Exercise prompt:
Would you give the listing back word for word once its pictures are removed?

Recorded information:

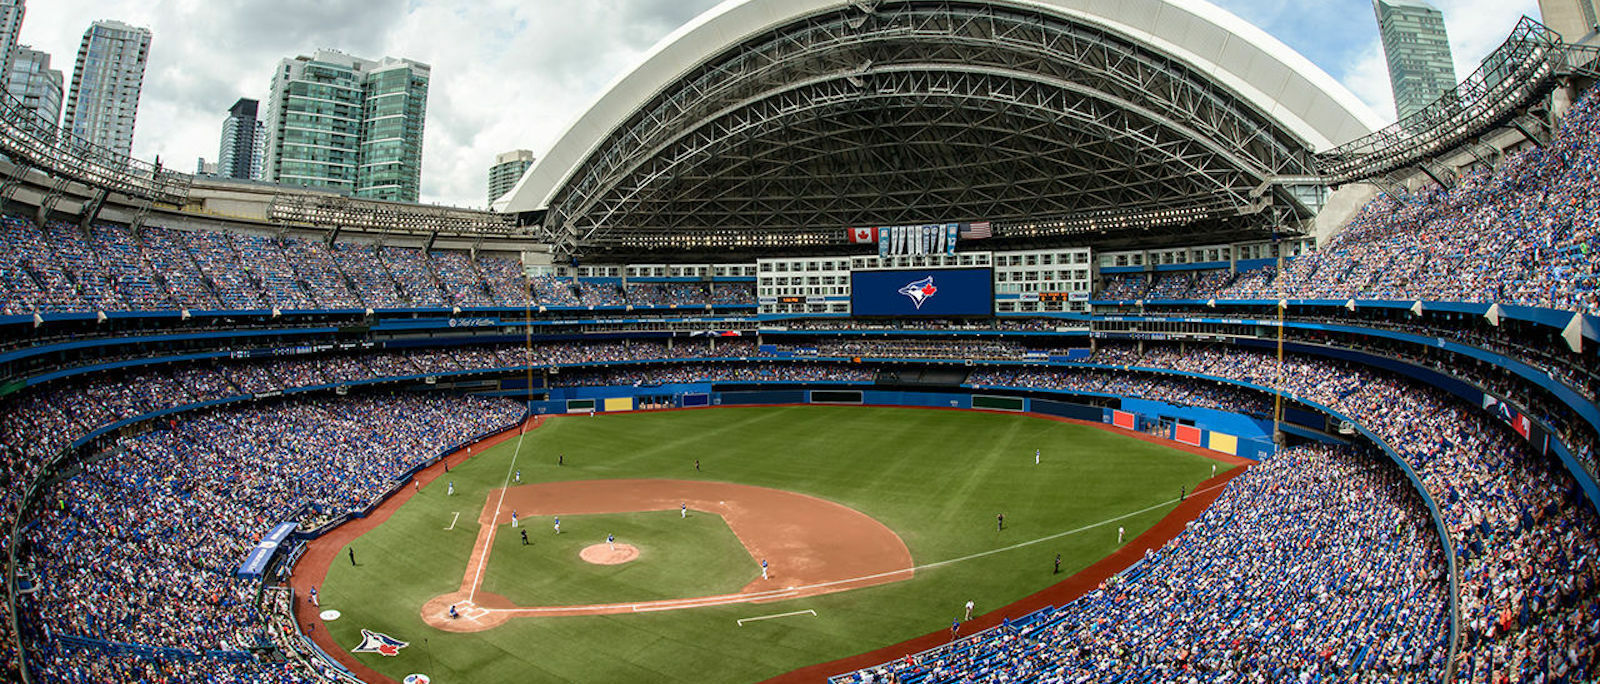 Toronto Blue Jays Road Games
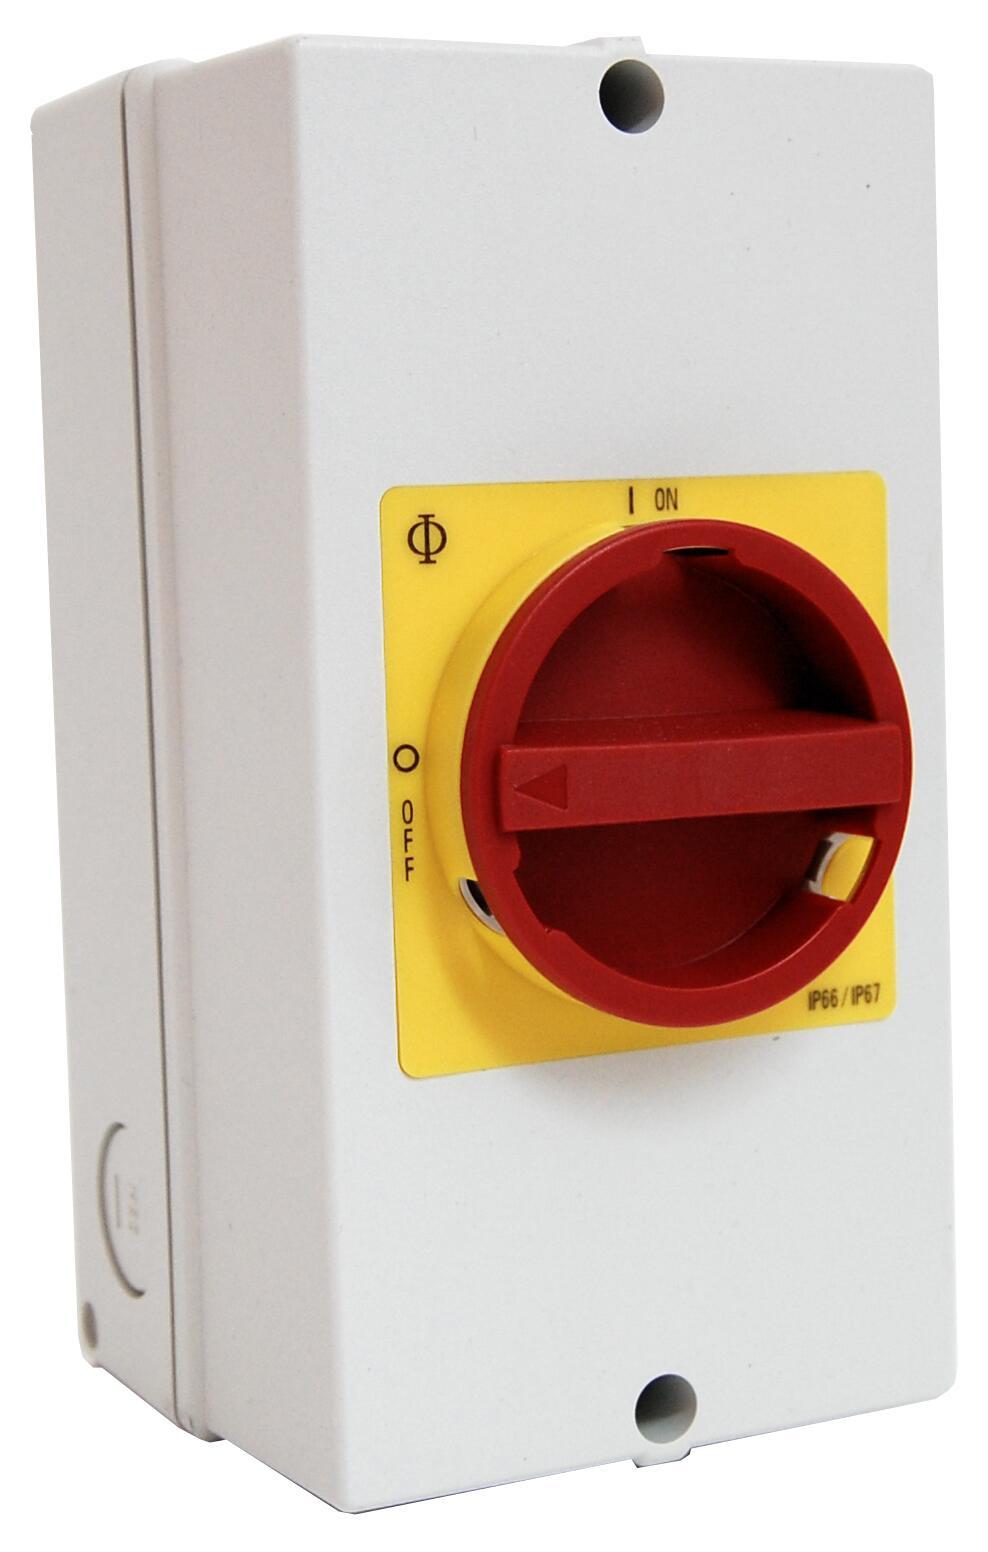 1 Stk Not-Aus-Schalter, 6-polig + 2 Hilfskontakte, PE-Klemme, 25A IN892011--
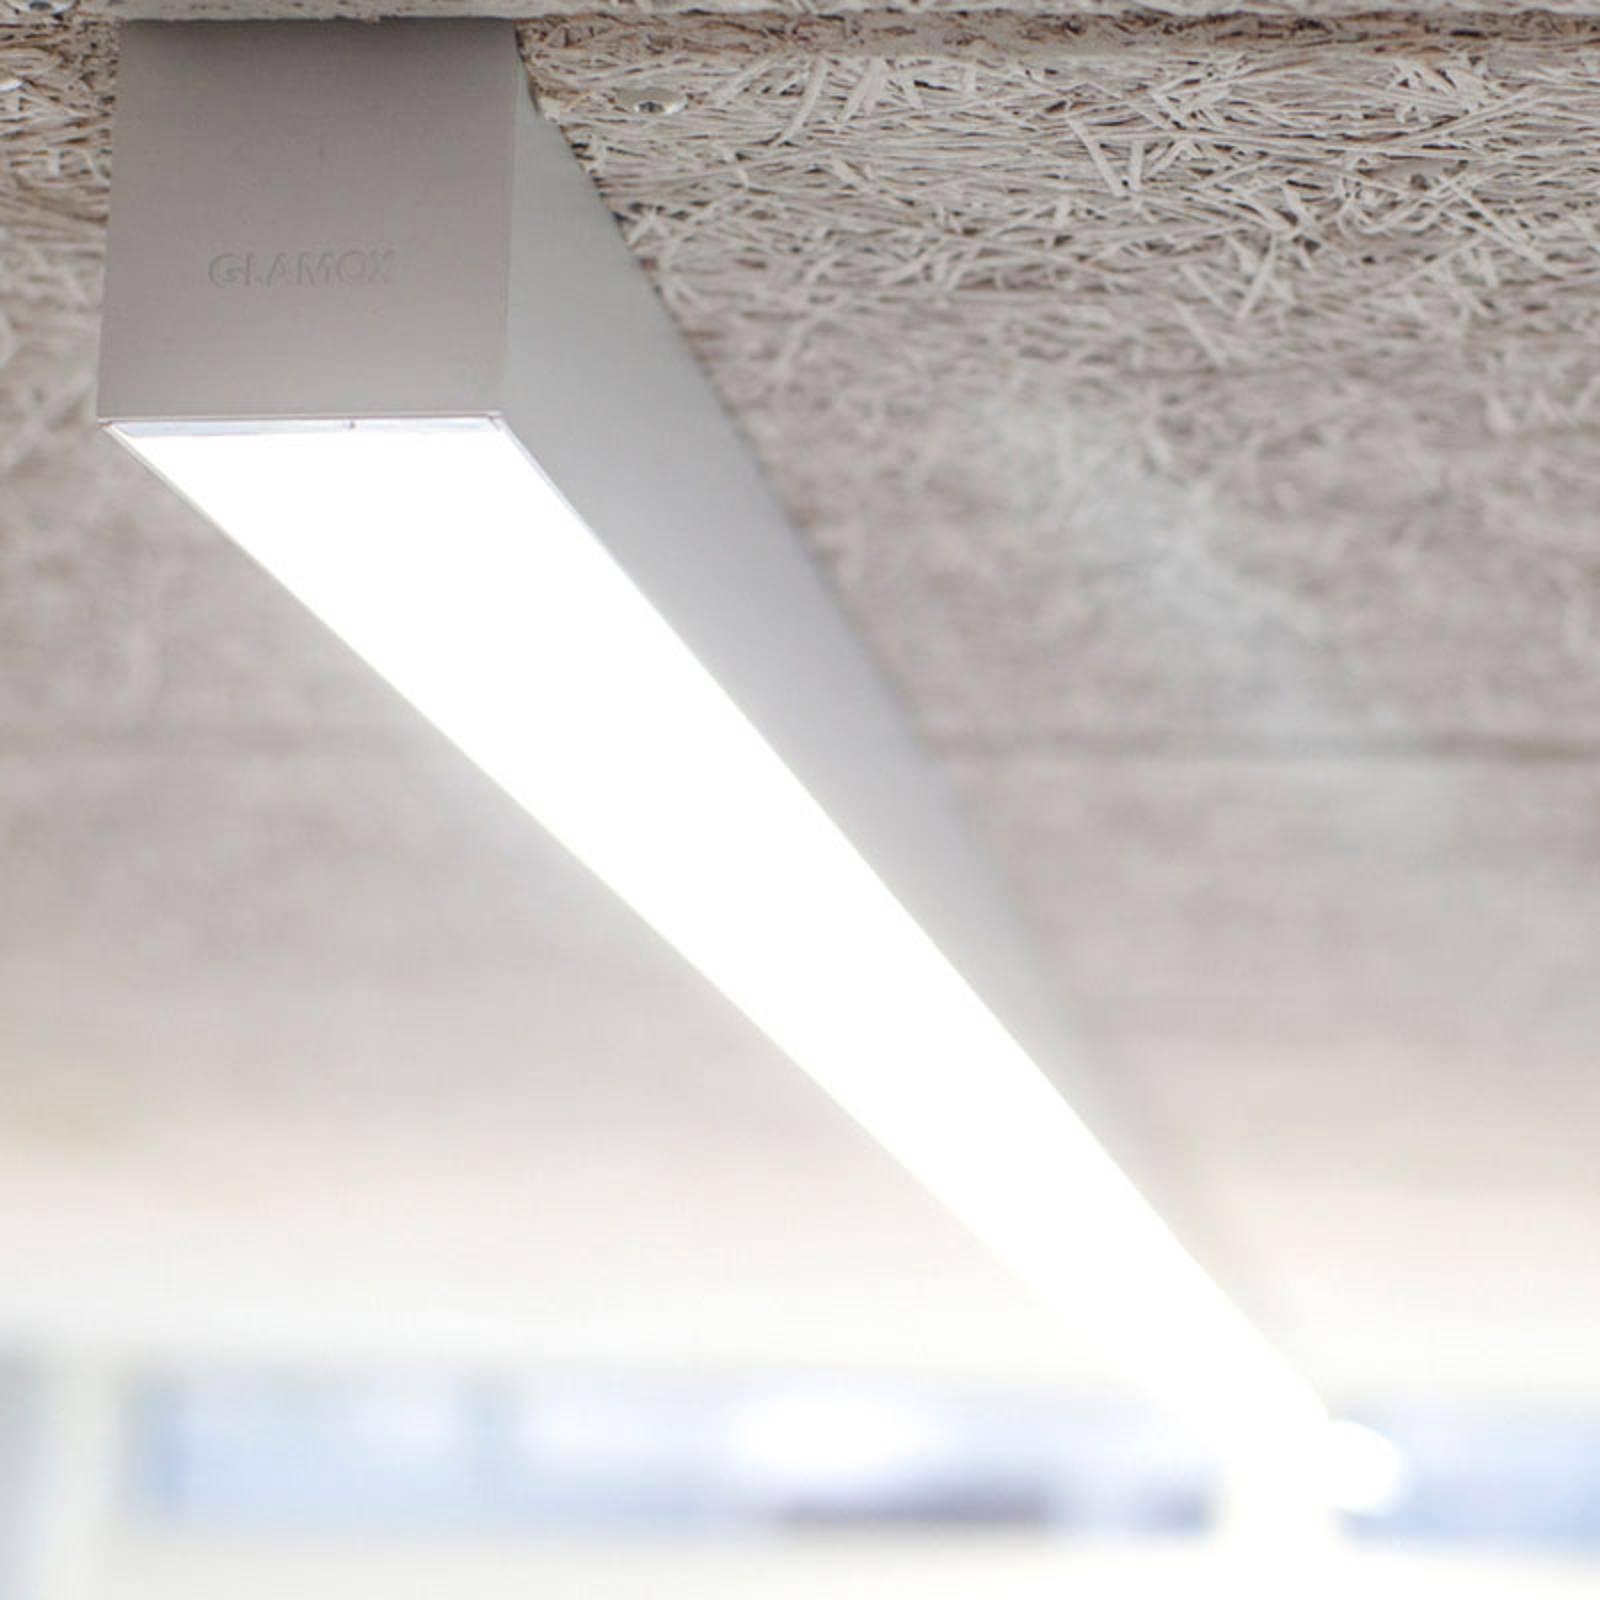 LED-kattovalaisin C80-SR HF 830 1855 lm 169 cm
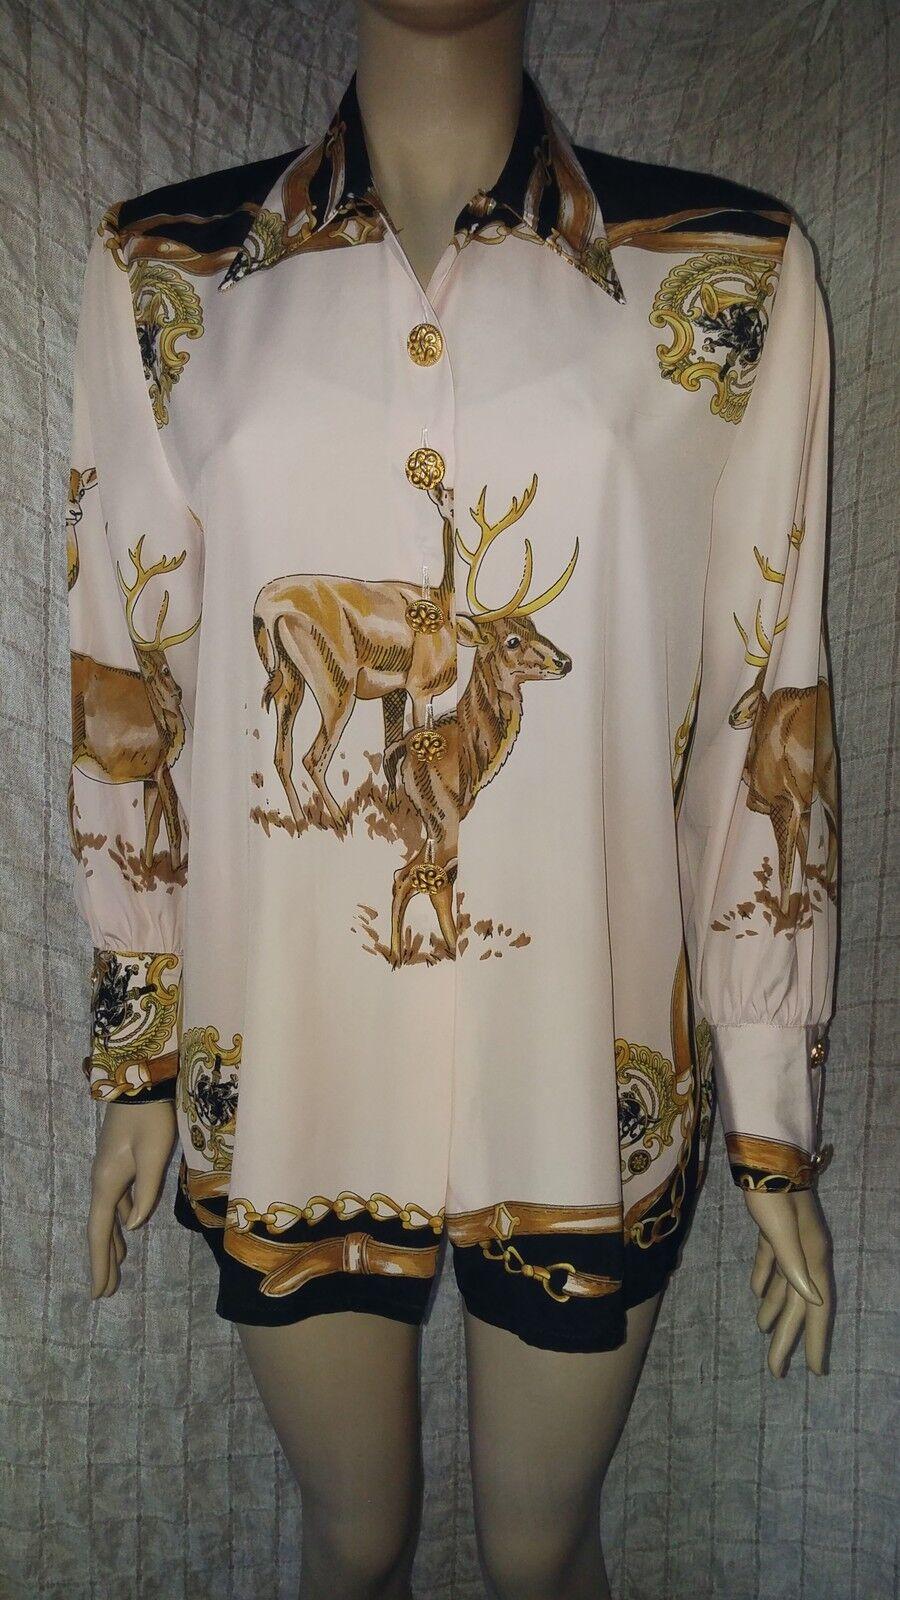 Sandro vintage 100% viscose silky gazelle printed unique shirt Größe L

Answer box:
 Toronto Blue Jays Road Games
 1 Stk Not-Aus-Schalter, 6-polig + 2 Hilfskontakte, PE-Klemme, 25A IN892011--
 LED-kattovalaisin C80-SR HF 830 1855 lm 169 cm
 Sandro vintage 100% viscose silky gazelle printed unique shirt Größe L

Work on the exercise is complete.